Copies of the painting are ubiquitous on the island. The image greets visitors at the entrance to the Byzantine Museum of Chios, housed in a former Ottoman mosque, and at the Massacre of Chios Museum at the Monastery of Agios Minas. In 2021, when Greece celebrated its bicentennial, Delacroix’s suffering figures were projected on buildings across the country. It is reprinted in Chios guidebooks and the brochure “Memories of Centuries Past,” a municipal campaign to commemorate both the 1822 massacre and the 1922 Asia Minor catastrophe and burning of Smyrna, a second tragic Greek anniversary I will discuss in my next dispatch.
As Olympoi’s participants in the relay, four other young people and I wore white jerseys with Delacroix’s painting printed on the back. We gathered along the road at the village entrance to welcome runners carrying the torch from the neighboring settlement of Pyrgi. The cultural association had set up a small table offering water, melomakárona cookies and soumáda, a sweet drink made from almond syrup. The president and vice president wore traditional costumes to mark the occasion. Over three days, the torch would pass through every village on the island, from the mountainous north to the dry, mastic-producing south.

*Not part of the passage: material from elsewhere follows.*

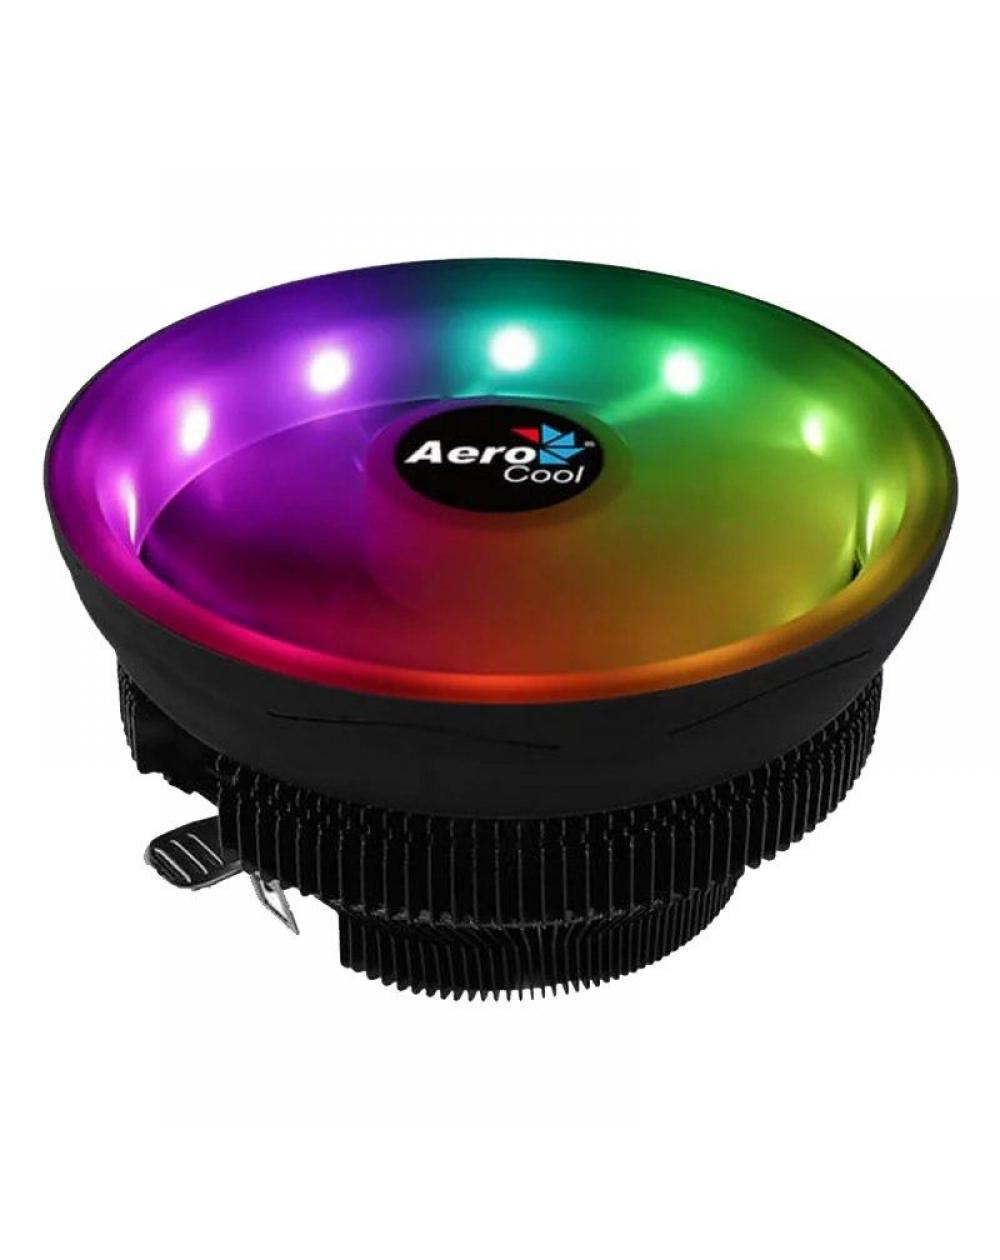 Ventilador con Disipador Aerocool Coreplus/ 12 cm - Imagen 1

As we ran along the route Maria and I had practiced twice that morning, I wondered, what other event could inspire such island-wide participation? In the face of escalating tensions with Turkey, a relay honoring victims of the massacre seems to have struck a communal chord.

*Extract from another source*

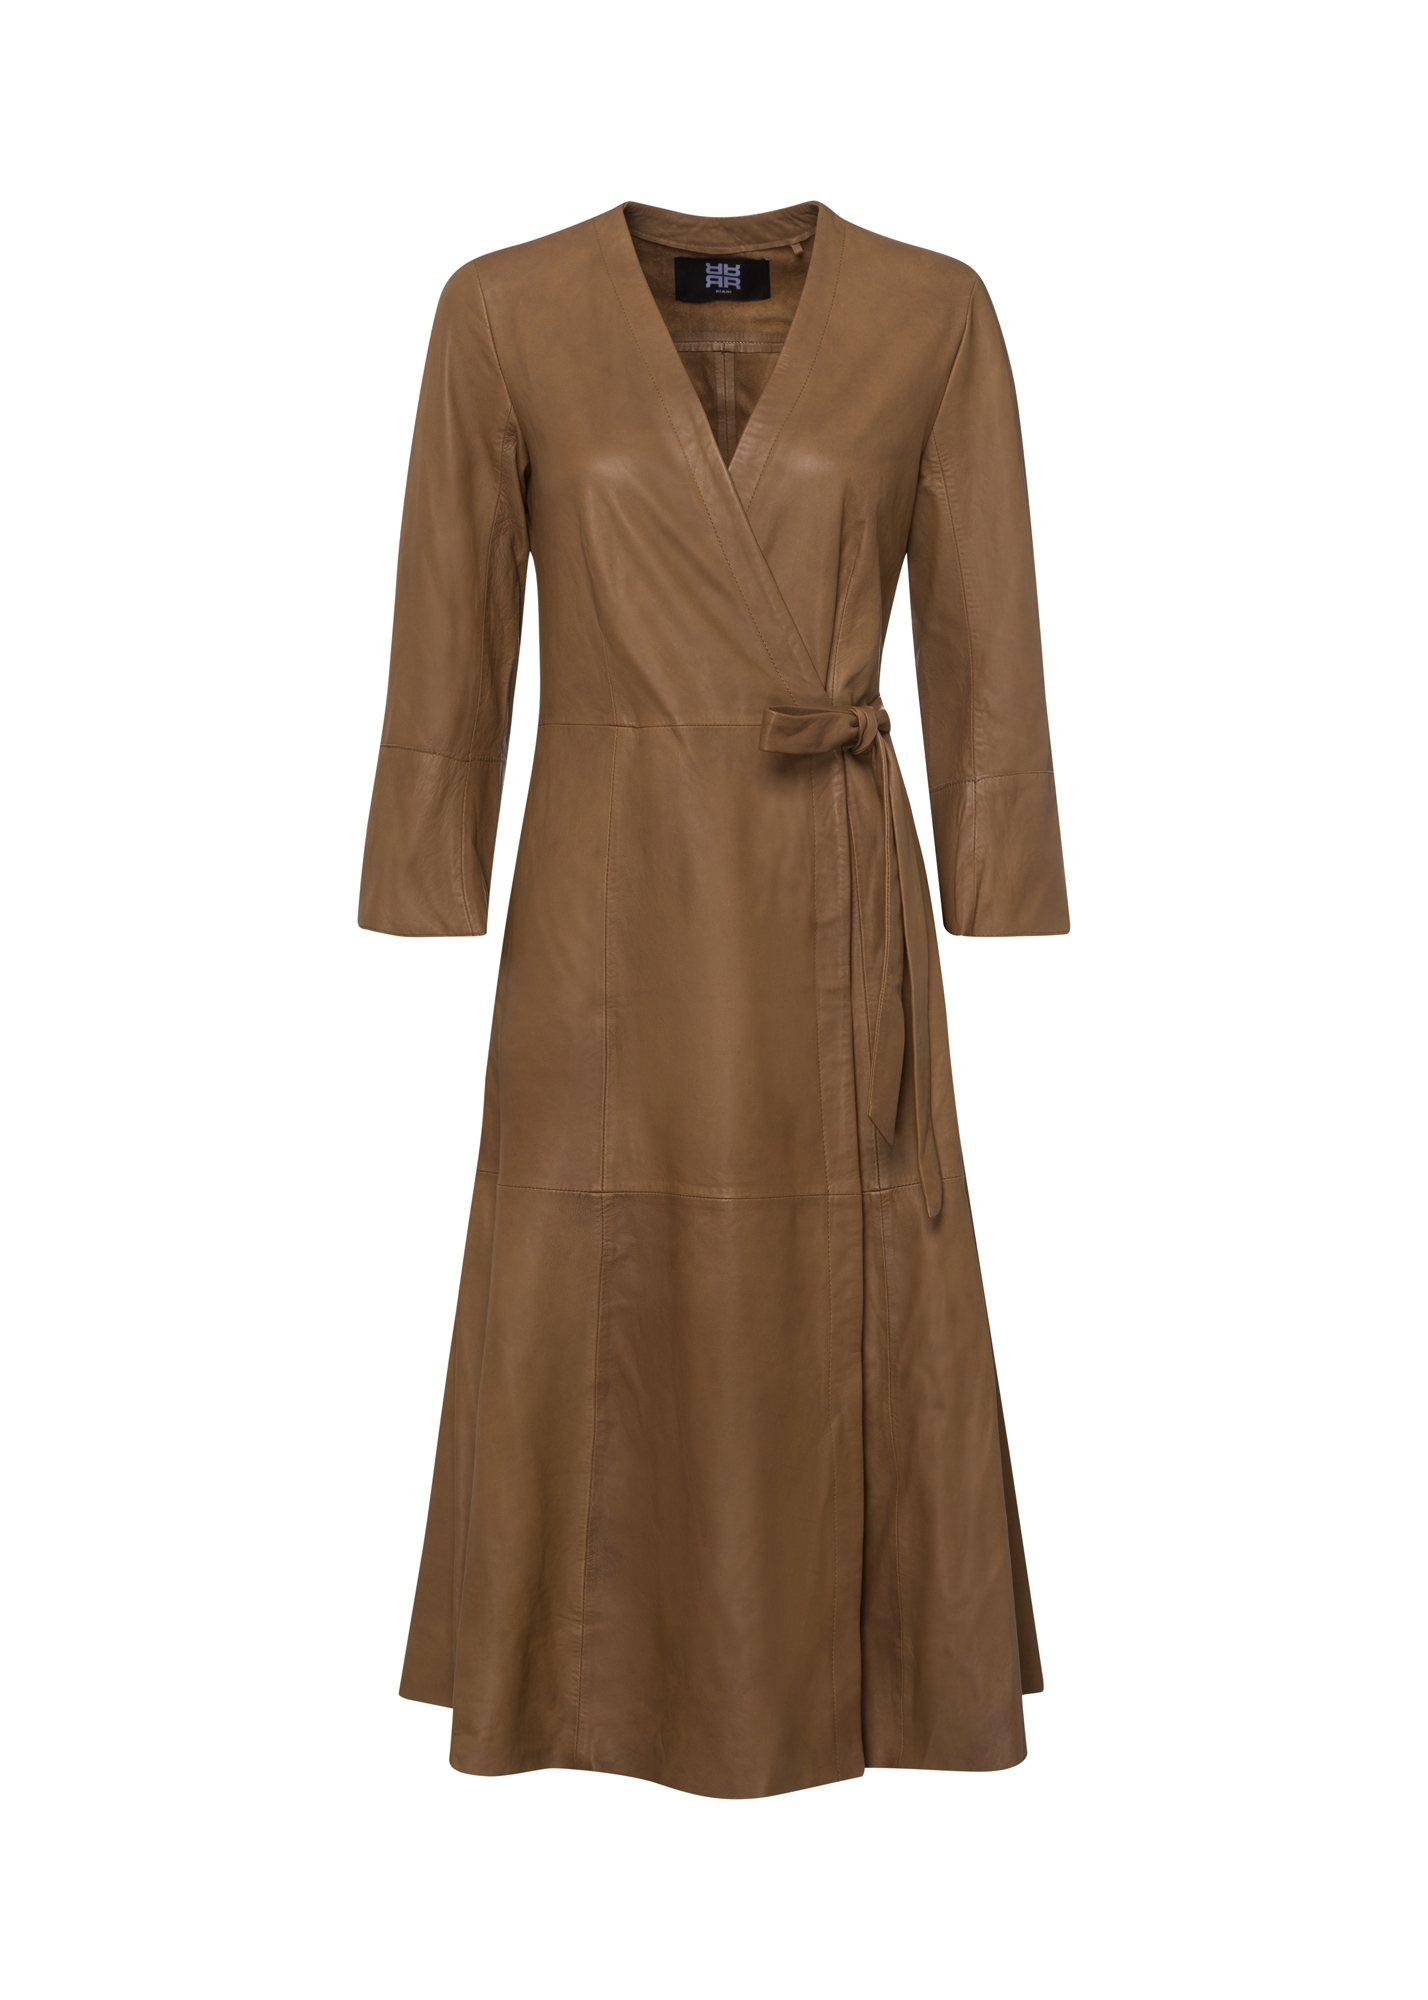 Sukienka skórzana ,długa, pasowana w talii, wiązana z boku, kolor brązowy Riani 136010-9027-610

At its nearest point, Chios sits only 3.5 nautical miles from Turkey’s western coast. Day or night, the opposite coast, with its wind turbines and blinking red lights, remains present on the horizon. The author Giannis Makridakis described in a blog post the special term Chians use for the land across the strait. “For those of us who grew up on the island, when we say or hear or read the word apénanti, [meaning ‘across, opposite,’] our mind automatically goes to the Turkish coast,” he wrote. “It’s more than a synonym. Apénanti means Turkey and [the town of] Cesme.”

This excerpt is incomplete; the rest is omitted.